O homem, identificado como Jitu Munda, tentava há semanas acessar cerca de INR 19.300 (£ 151) da conta de sua irmã mais velha Kalra Munda, que morreu em janeiro após uma doença.
Ele disse que foi repetidamente instruído a trazer o titular da conta pessoalmente, mesmo depois de explicar que ele estava morto.
Segundo relatos, Jeet foi informado por funcionários do banco que ele teria que apresentar documentos oficiais, como uma certidão de óbito, antes de liberar qualquer dinheiro.
No entanto, ele supostamente teve dificuldades para entender o processo e não forneceu os documentos exigidos.
Um aldeão na Índia desenterrou o corpo da sua irmã e levou-o a um banco para provar os seus restos mortais, apenas para ser informado repetidamente que não poderia levantar dinheiro se ela não estivesse presente.
As redes de televisão transmitiram imagens de Munda carregando o que parecia ser um cadáver parcialmente embrulhado em plástico, com pernas esqueléticas visíveis e penduradas nos ombros.
Desesperado, ele foi ao cemitério da aldeia na segunda-feira, 27 de abril, exumou os restos mortais da irmã, envolveu o corpo em um pano e caminhou cerca de 3 quilômetros até a margem.
Chegando lá, ele deixou os restos mortais do lado de fora da agência, causando consternação entre funcionários e clientes e motivando a chamada da polícia.
Funcionários da Delegacia de Polícia de Patna correram para o local.

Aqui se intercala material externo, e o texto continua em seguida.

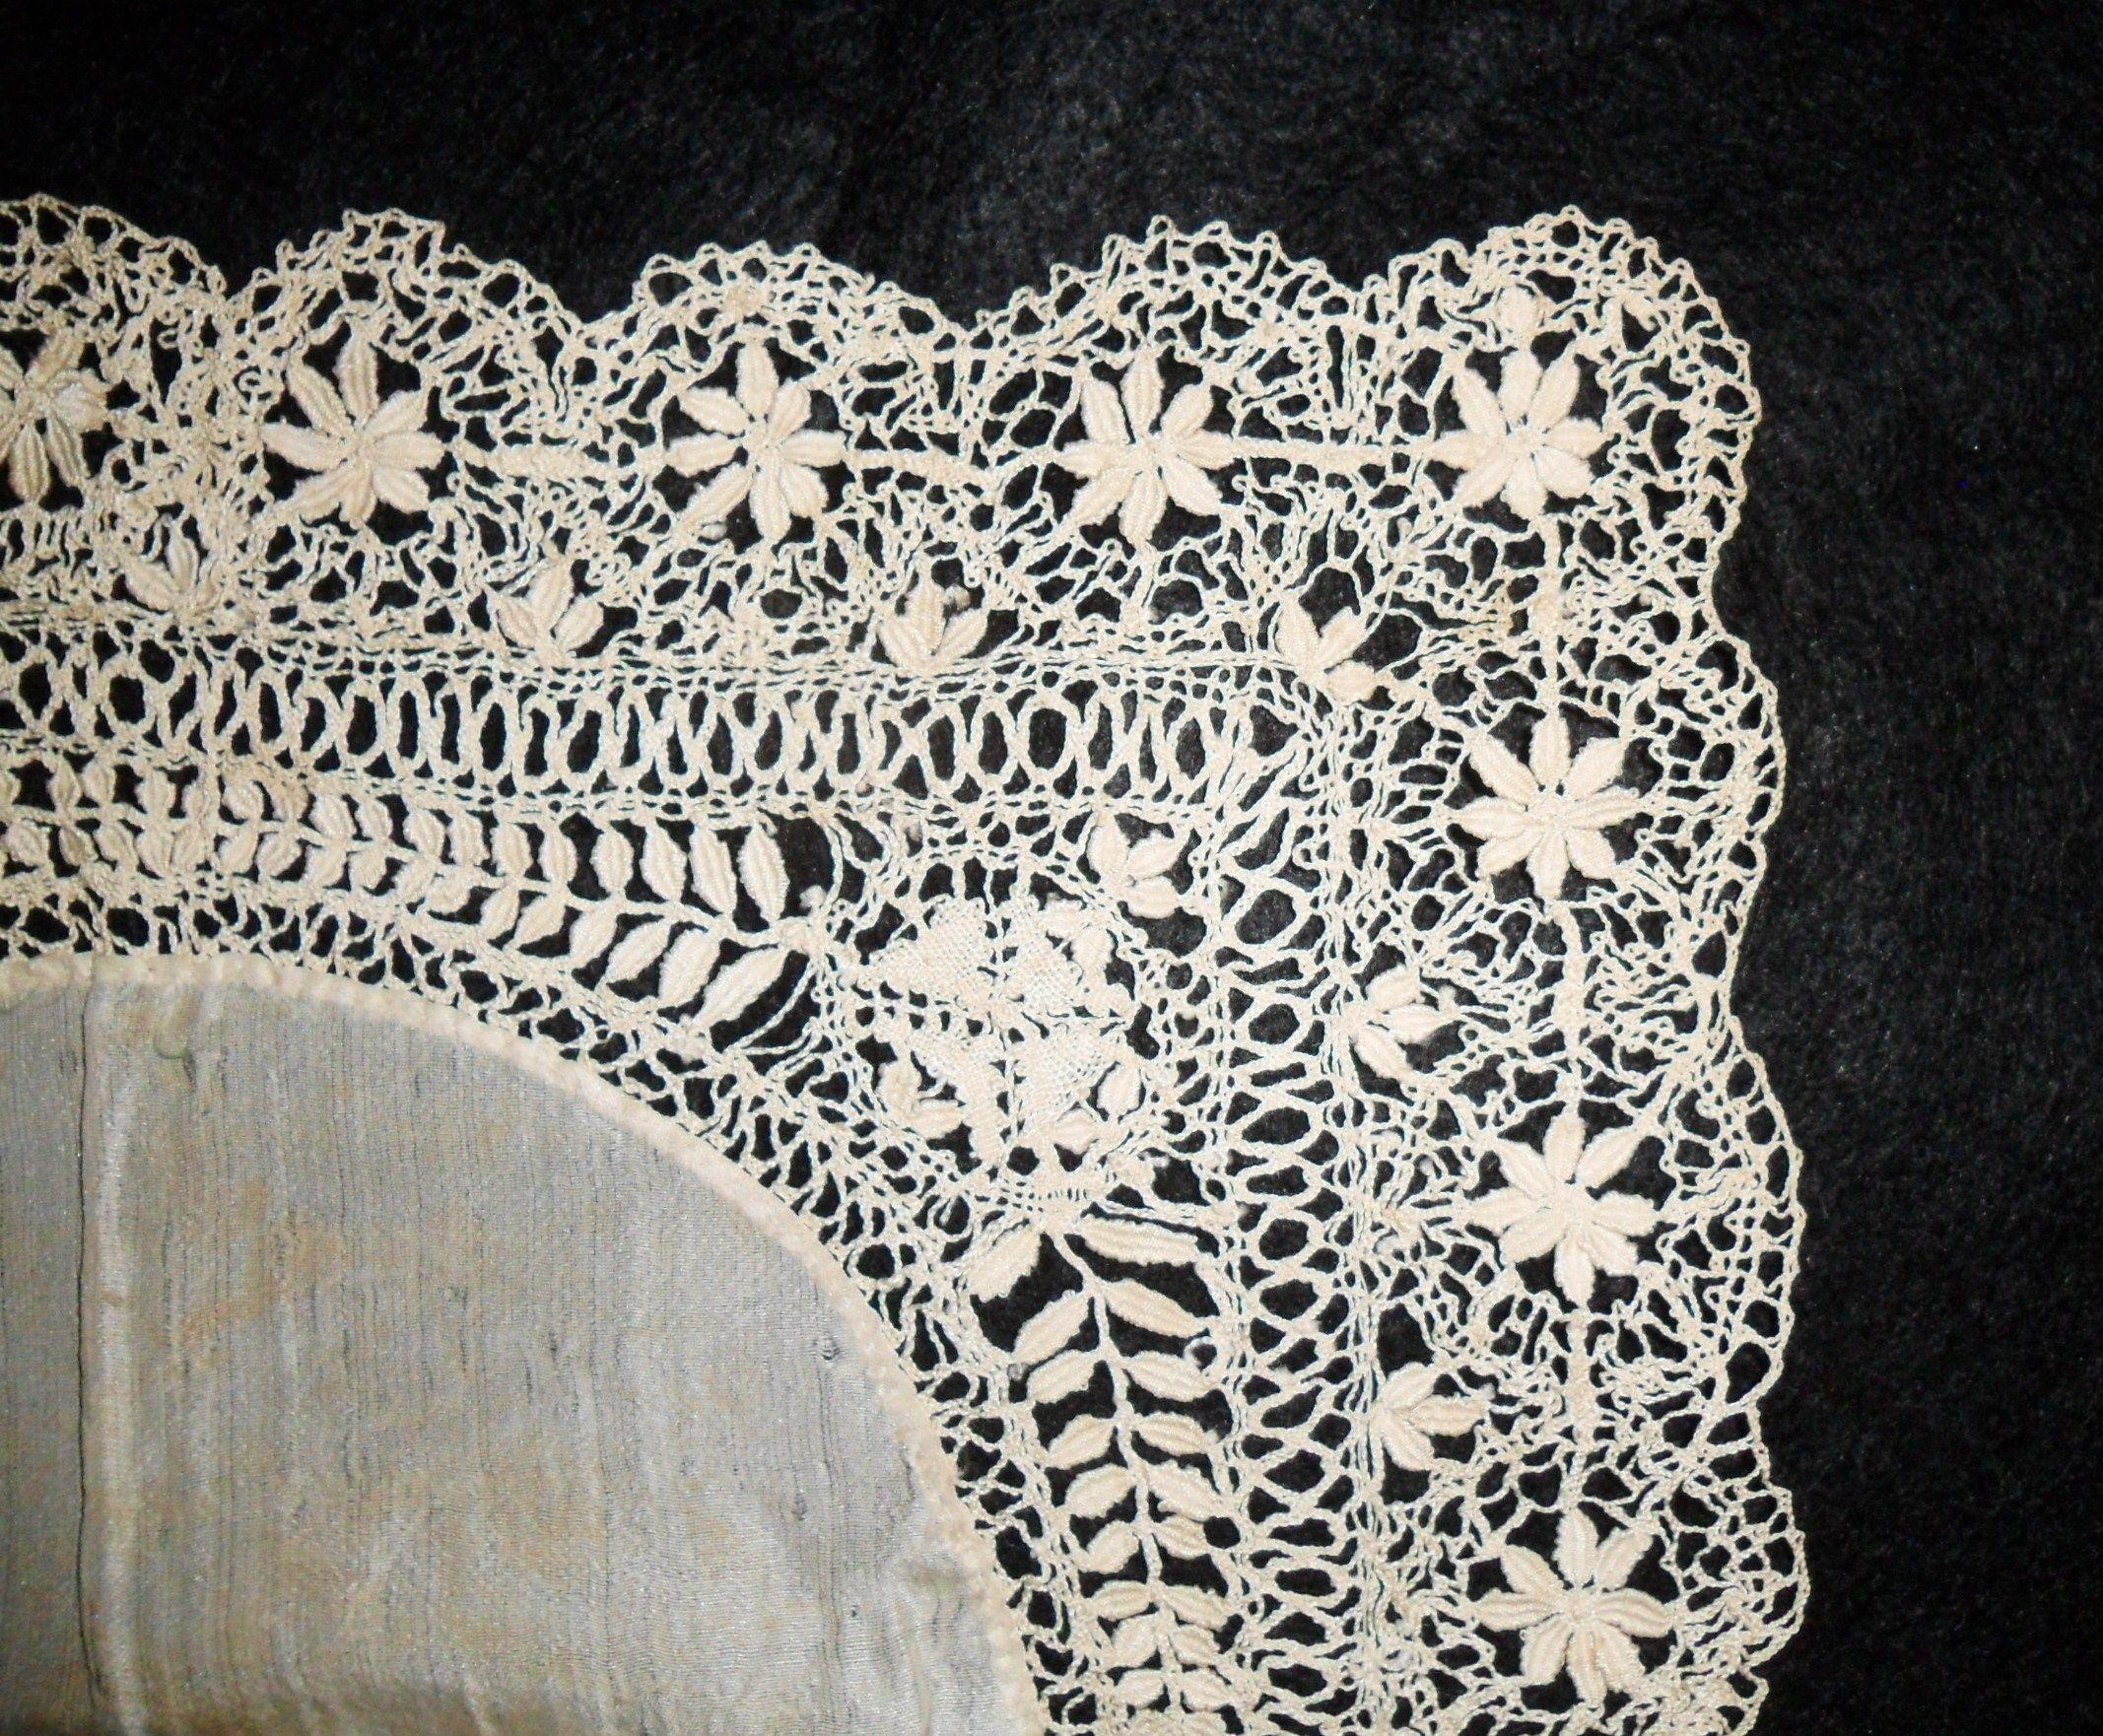 maltese bobbin lace handkerchief - Google Search

A polícia disse que Jeetu, um pobre aldeão tribal de Daynali, não entendia as regras bancárias ou o processo legal para reivindicar dinheiro da conta de um parente falecido.
Um funcionário disse: “Ele é uma pessoa tribal analfabeta e não sabe sobre herdeiros legais ou procedimentos de nomeação”, acrescentando que os funcionários do banco não explicaram adequadamente as etapas necessárias.
Jitu Munda disse aos repórteres locais: ‘Por desespero, cavei a sepultura e trouxe os seus restos mortais como prova de morte.’
Posteriormente, as autoridades intervieram e garantiram a Jeetu que o problema seria resolvido e os fundos seriam liberados por canais legais.
Os restos mortais foram posteriormente enterrados novamente sob supervisão policial.
As autoridades locais também confirmaram que a Conta Jeetu é considerada o único requerente sobrevivente do fundo, uma vez que o indicado listado também morreu.
O registo de nascimentos e óbitos é obrigatório na Índia, mas continuam a existir lacunas na documentação, especialmente nas zonas rurais, deixando muitas famílias sem certificados formais.